Я выхожу на улицу, там где август, первая осень в этом году, и склонившиеся над каждой дохлой лужицей телеграфные столбы. Что-то ищут в мутной воде. Поднимаю взгляд свой объективом в высь – провода располосовали по-де_Садовски грубо голубую Жюстину, и той остается подрагивать в детском изумлении полупрозрачной, покрытой облачными рубцами красотой своего тела – такое осеннее обнажение, как же ей холодно, наверное, она дрожит, кутаясь в шарфы. В детском садике я еще осторожнее.
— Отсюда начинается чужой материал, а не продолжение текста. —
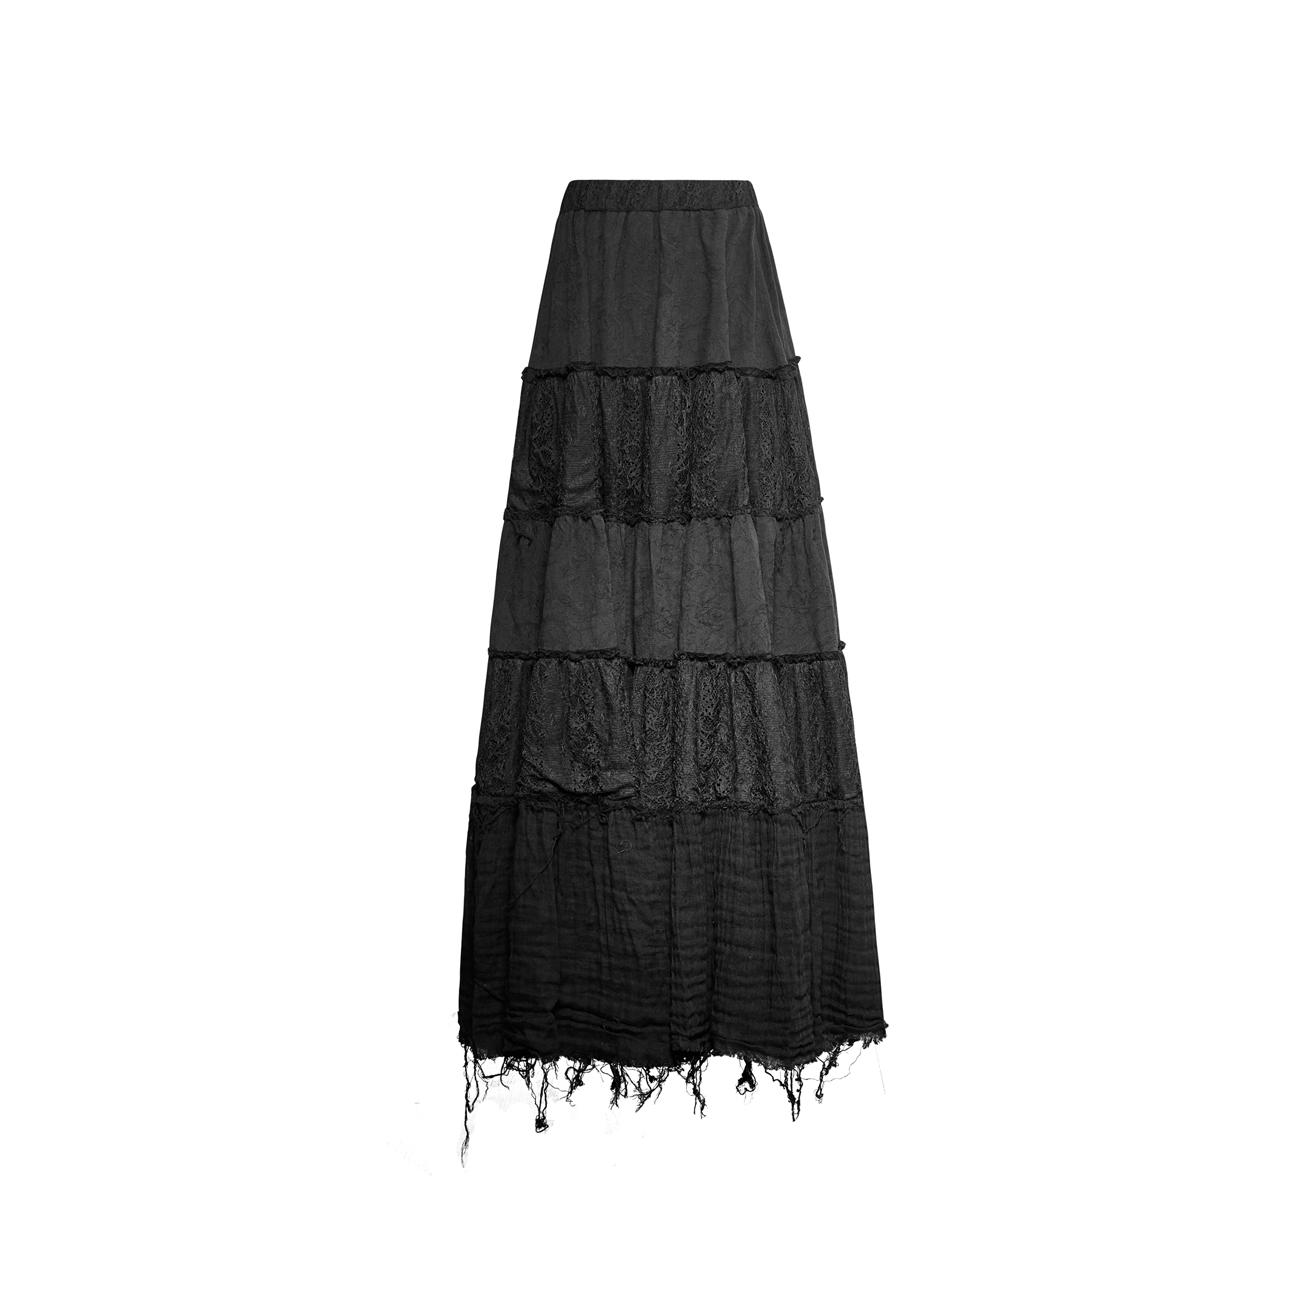 new concept e6409 61f0e WITCHCRAFT SKIRT: langer schwarzer Rock

Чуть приседая снимаю пустые качели, привязанные к крыше веранды. Не шелохнутся. Кажется, что снимаю остановленное время, фотографирую фотографию. Оживляя пост_мортем вспышкой щемящего душу света деревенского утра. Еще два года назад мы стояли с ней здесь очень близко друг к другу, я делился с ней стихотворениями покончившей с собой девочки-поэта. Красиво. Красивые слова и любовь вся тонула в ее размытом упавшей веточкой в ночное озеро силуэте. Звуки, голоса, ее и мои, распотрошены были изначально и тут же обращались в перегной, в устланную желтой октябрьской листвой землю. Встаю с колен – как помолился с видеокамерой в руках той помертвелой красоте дагерротипа одного дня на съемочной площадке короткого фильма о любви. Выхожу на цыпочках, пятясь, ухватывая кирпичную кладку трехэтажного здания, опуская в смущении камеру, спотыкаясь в память текут сплошным потоком картинки пешеходной дорожки, моих брюк и моих же ботинок.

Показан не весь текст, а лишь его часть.